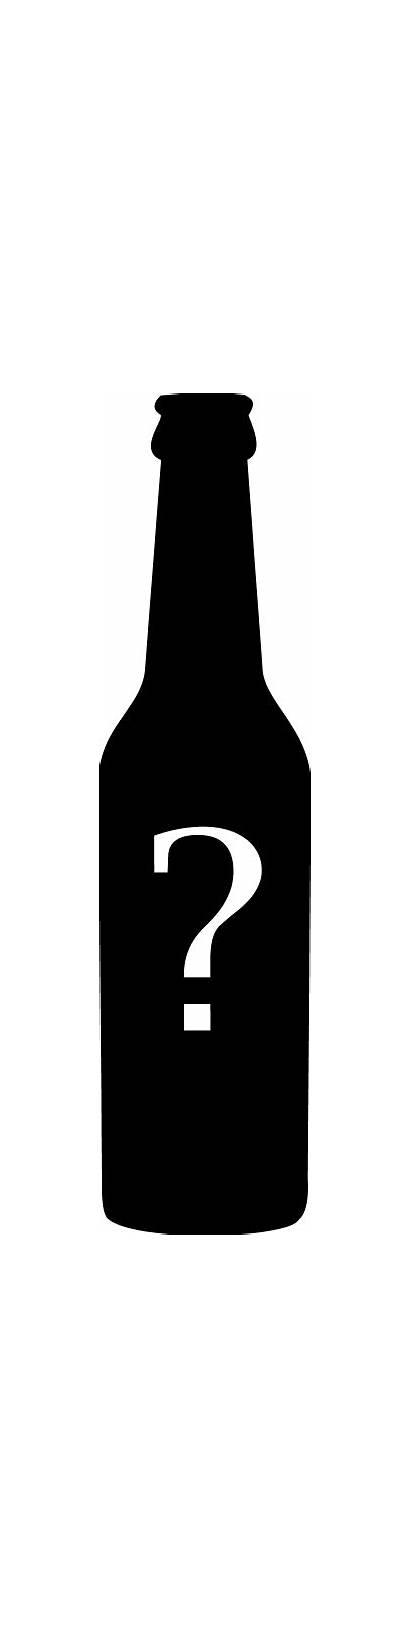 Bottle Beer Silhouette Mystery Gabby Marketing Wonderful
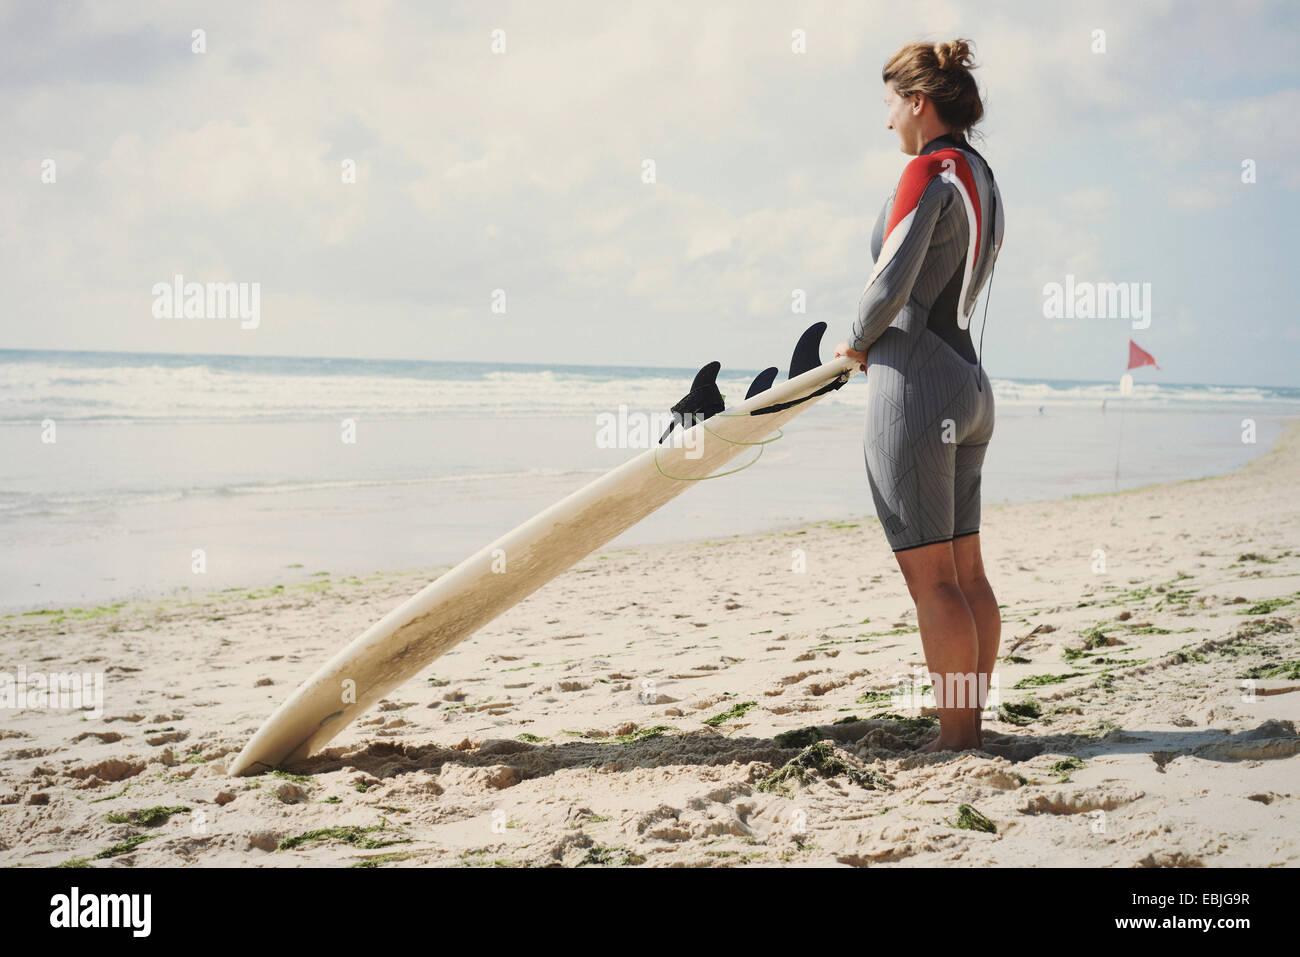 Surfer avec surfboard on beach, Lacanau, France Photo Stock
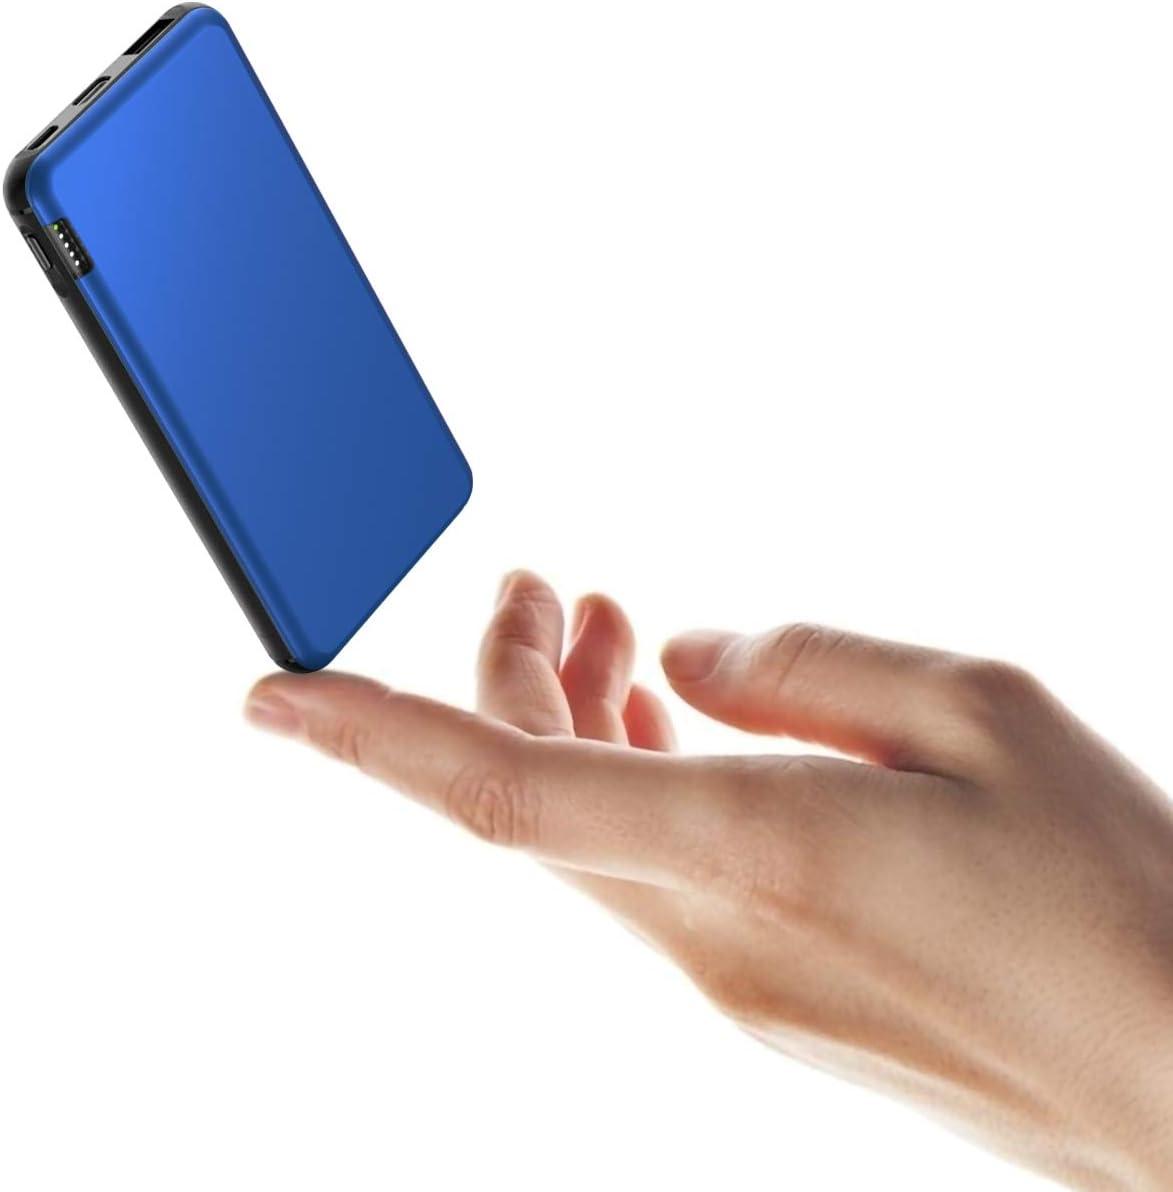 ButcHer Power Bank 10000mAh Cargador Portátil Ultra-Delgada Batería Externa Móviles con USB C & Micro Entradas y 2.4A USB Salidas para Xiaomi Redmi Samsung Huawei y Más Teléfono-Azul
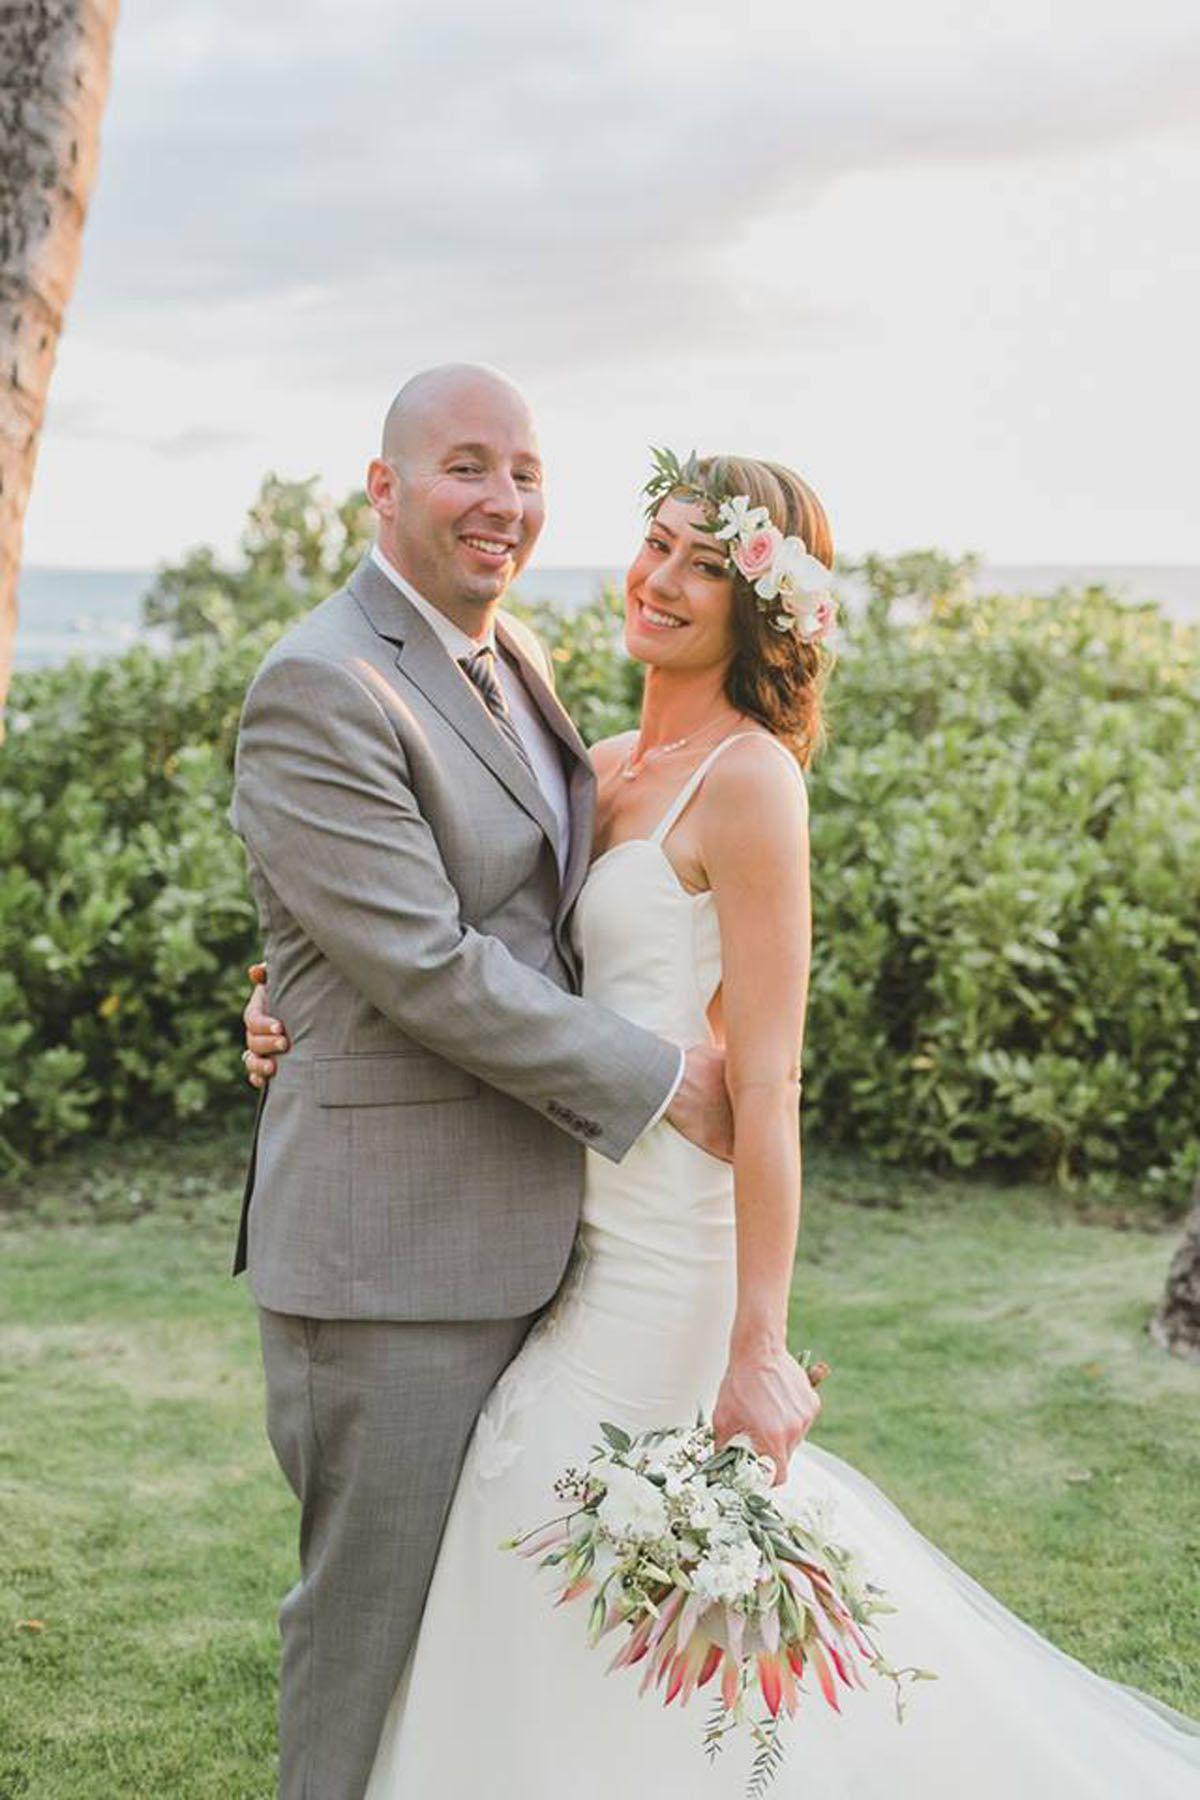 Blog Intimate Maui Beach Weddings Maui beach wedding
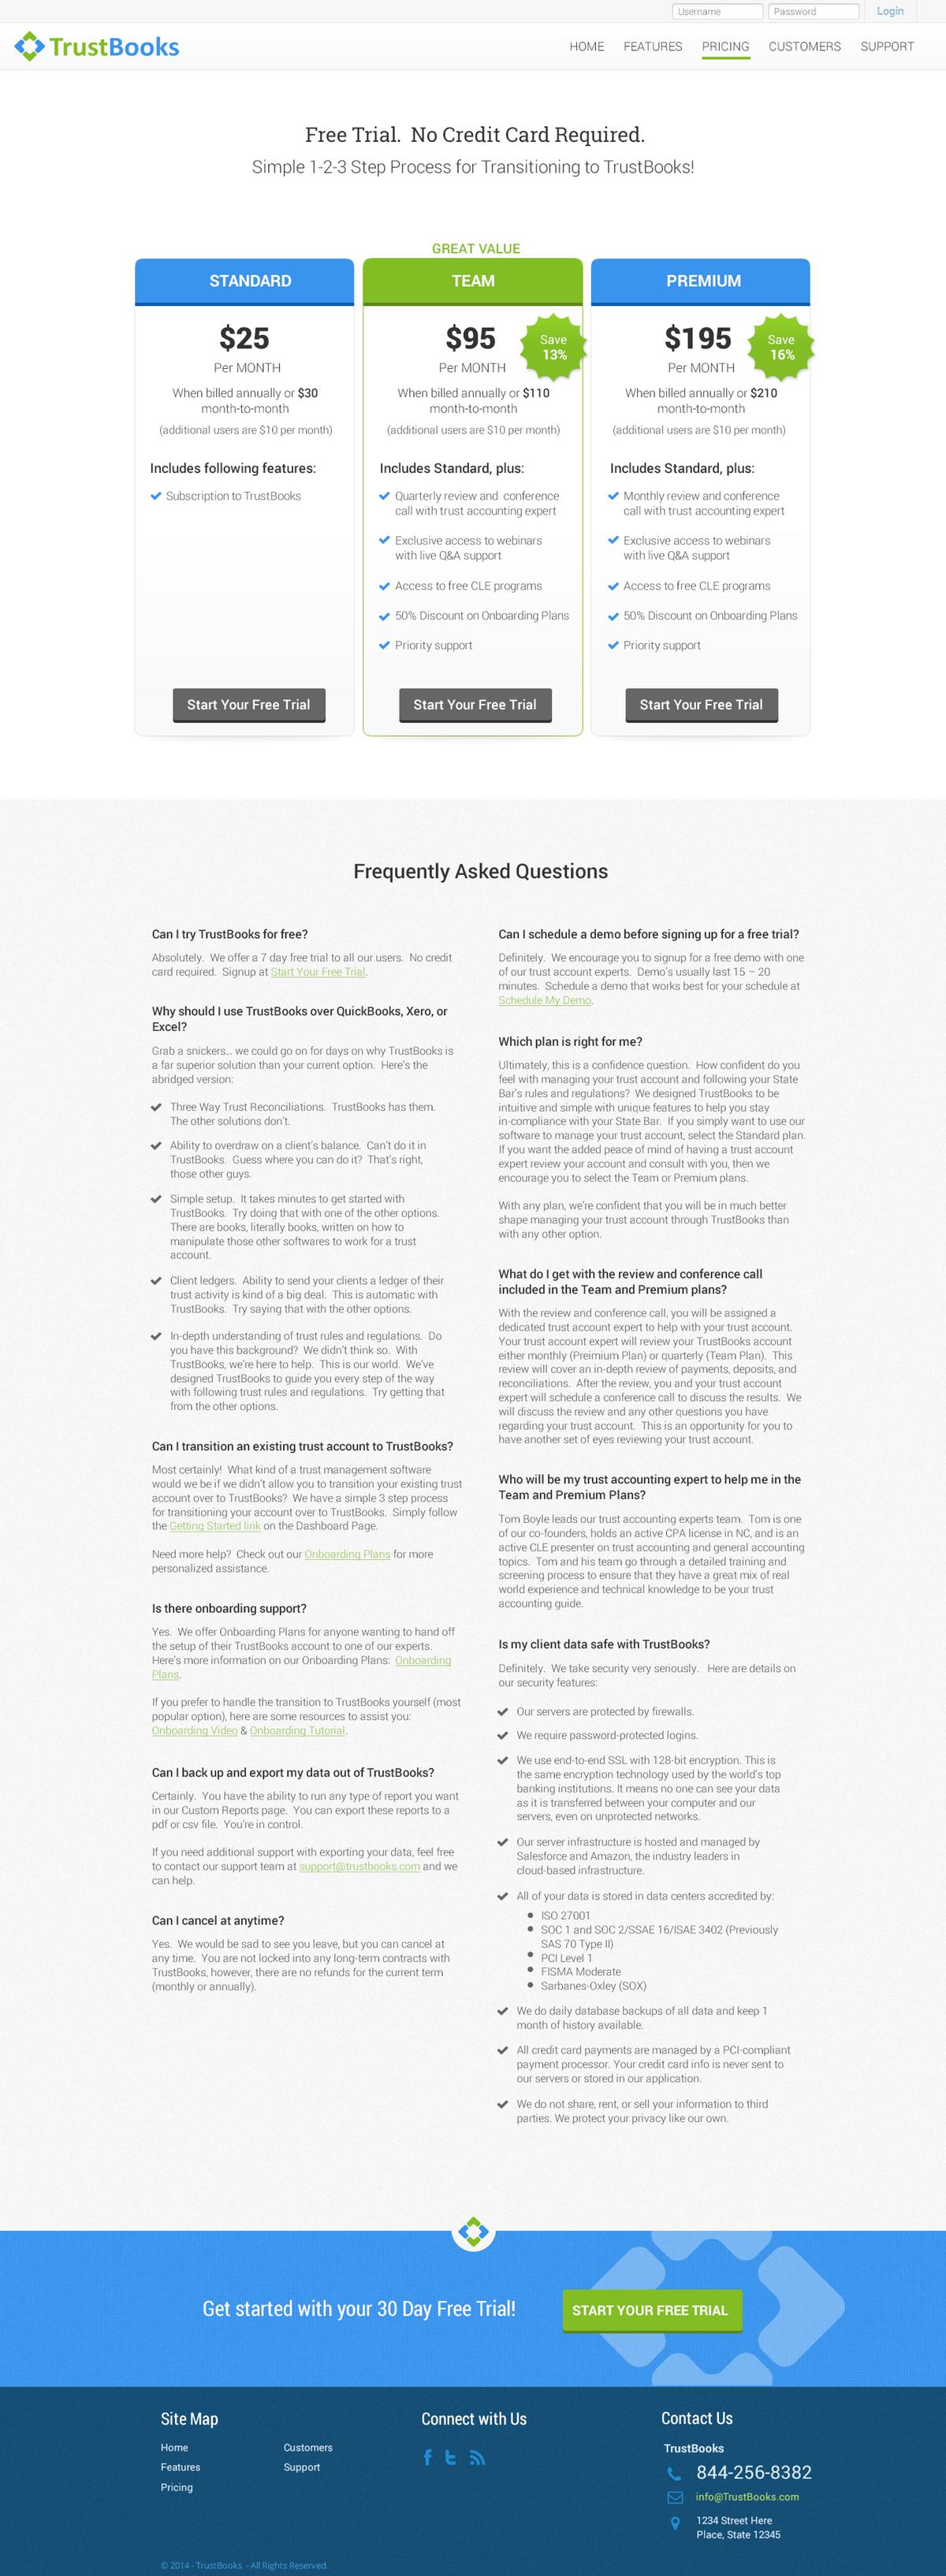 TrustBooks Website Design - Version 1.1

---

(PROBLEM TO WORK ON):
Give back, word for word, the lines from the one with "Blog Intimate Maui" to the end of the records above, and no pictures.

(ANSWER TO THIS TASK):
 Blog Intimate Maui Beach Weddings Maui beach wedding
 TrustBooks Website Design - Version 1.1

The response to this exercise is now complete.